The IceCube Neutrino Observatory at the South Pole. It detected neutrinos and helped astronomers trace them to blazars. Credit: Emanuel Jacobi/NSF.
Buried under the ice at the South Pole is a neutrino observatory called IceCube. Every now and then IceCube will detect a particularly high-energy neutrino from space. Some of them are so high energy we aren’t entirely sure what causes them. But a new article points to quasars as the culprit.
Quasars are distant supermassive black holes. During the early universe, many of these black holes were extremely active.

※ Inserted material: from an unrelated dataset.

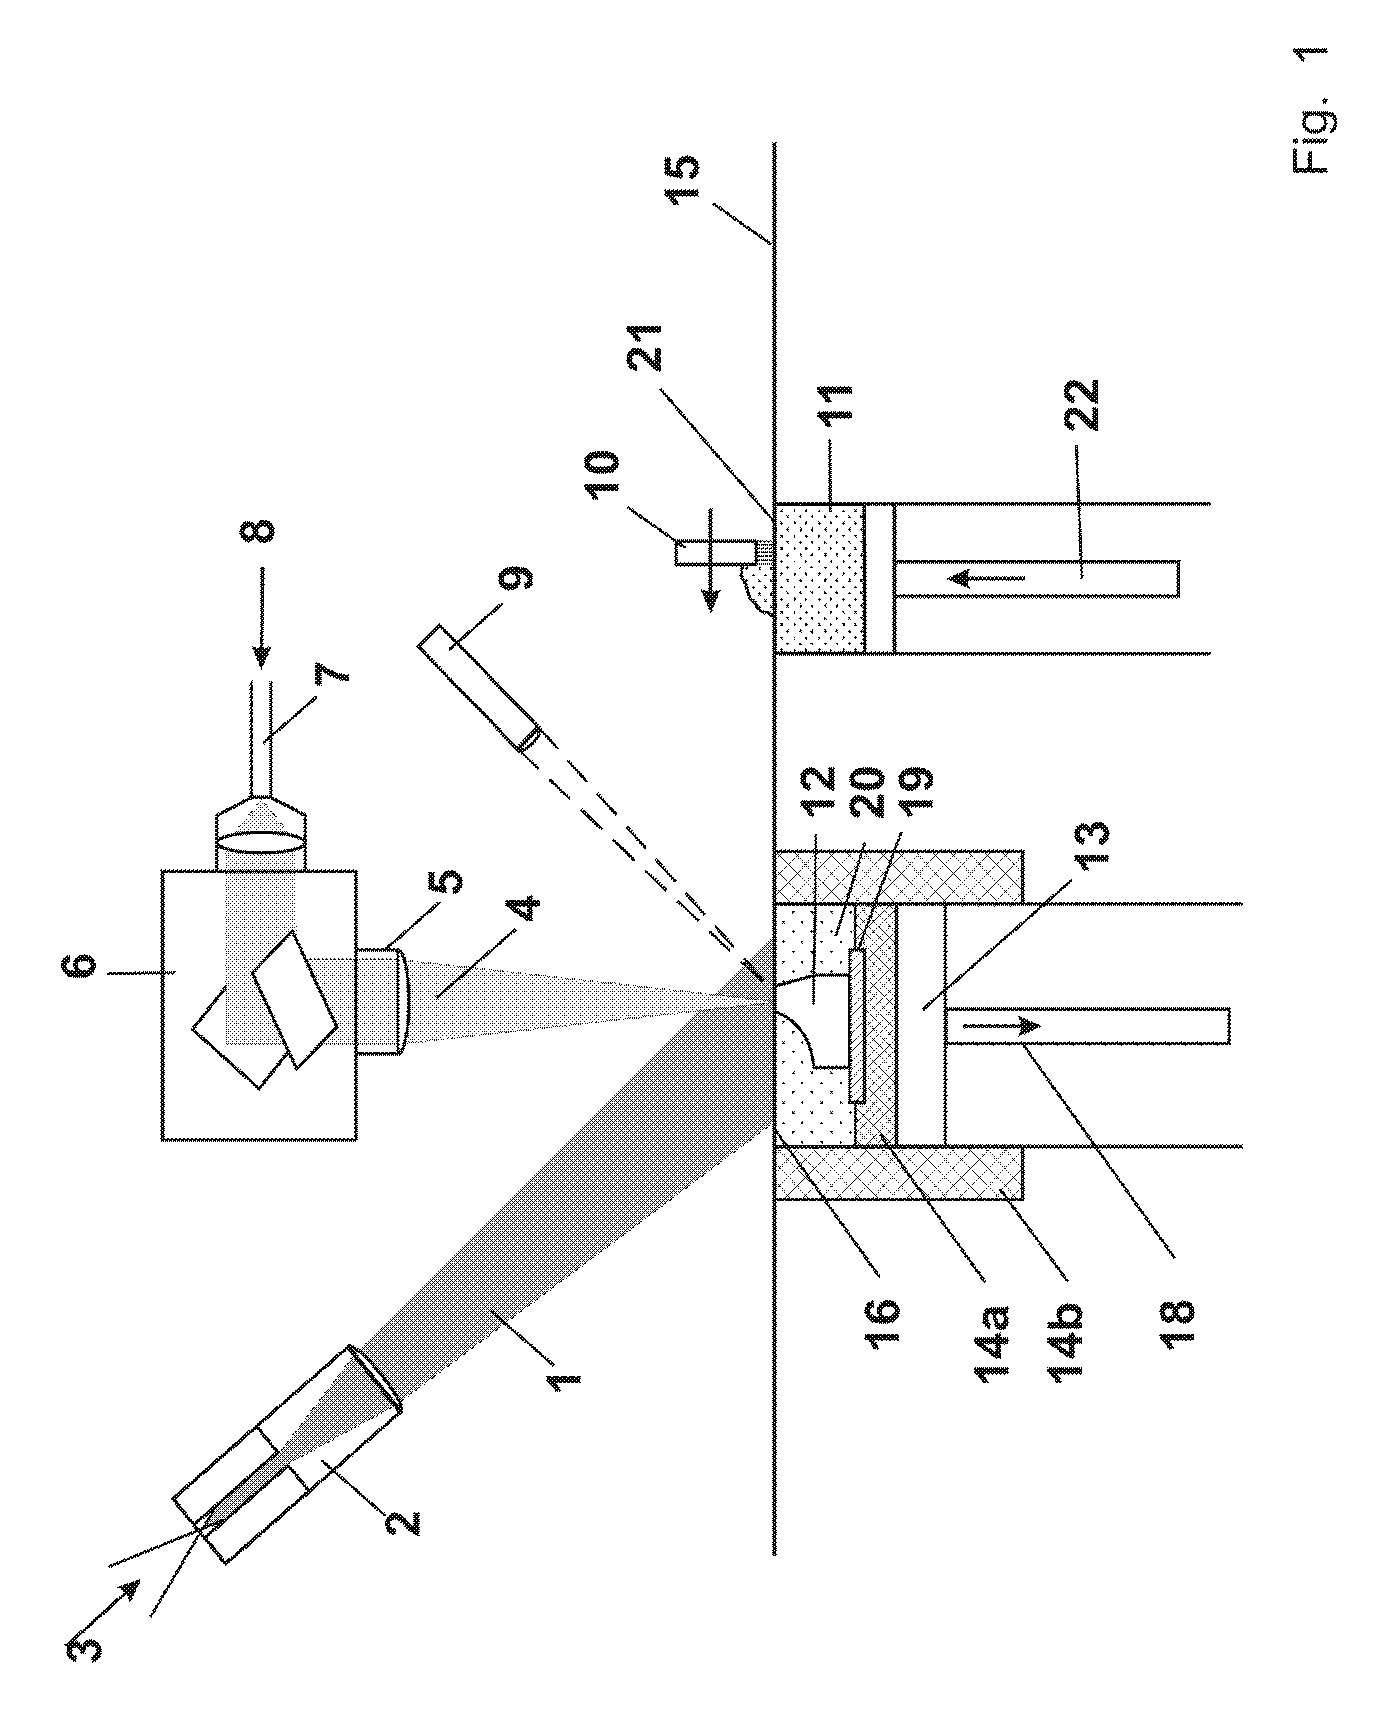 Ceramic or glass-ceramic article and methods for producing such article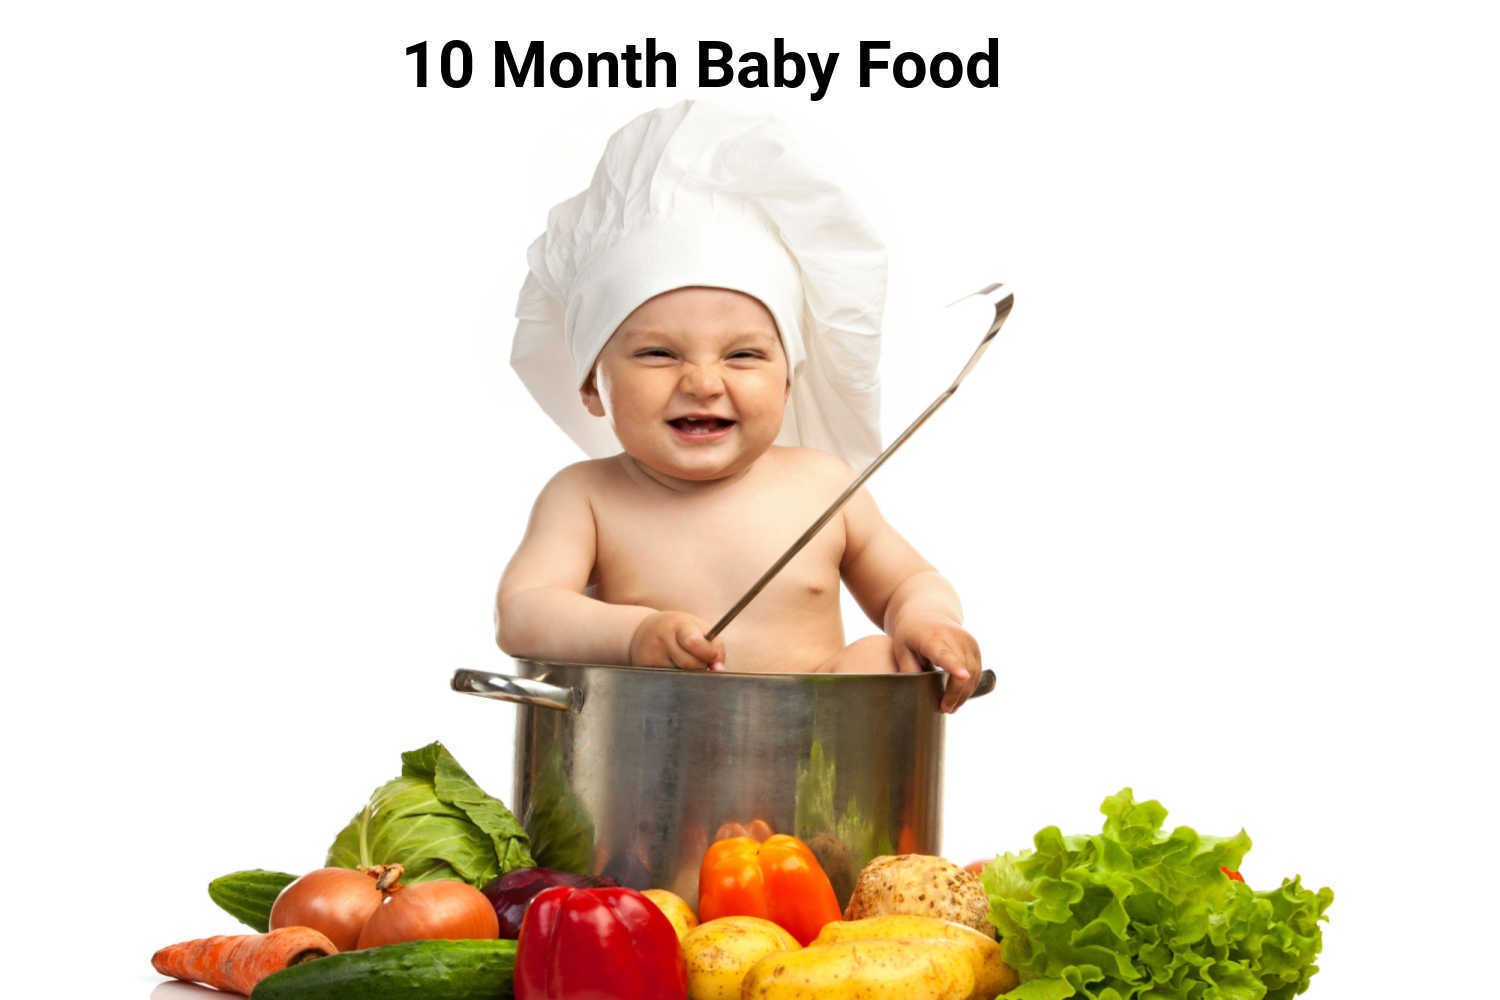 10 month baby food

The hot material surrounding these black holes can emit everything from x-rays to powerful bursts of radio light. In this new work, the team analyzed 7 years of data from IceCube and found an interesting correlation between quasars and high-energy neutrinos.
The data showed that most of the high-energy neutrinos originated from the centers of quasars. Their detection often occurs around the time that a quasar undergoes a strong radio burst. Since neutrinos travel at nearly the speed of light, photons and neutrinos reach Earth and nearly the same time. This suggests that the quasar radio bursts are producing neutrinos.
To explain this, the team proposed a rough model. Strong radio quasar bursts occur when hot, ionized gas near the black hole flows through strong magnetic fields. The charged particles are accelerated, causing them to emit radio light. But a rapid flow of dense plasma also causes nuclei and electrons to collide with each other. The high-energy collision of protons can create pions, which emit gamma rays and neutrinos when they decay.
This is only a rough model. To study their idea further, the team will gather more radio observations of quasars, as well as data from a neutrino telescope known as the Baikal Gigaton Volume Detector. Together this will allow them to study the central regions of quasars in detail.
Reference: Plavin, A. V., et al. “Directional Association of TeV to PeV Astrophysical Neutrinos with Radio Blazars.” The Astrophysical Journal 908.2 (2021): 157.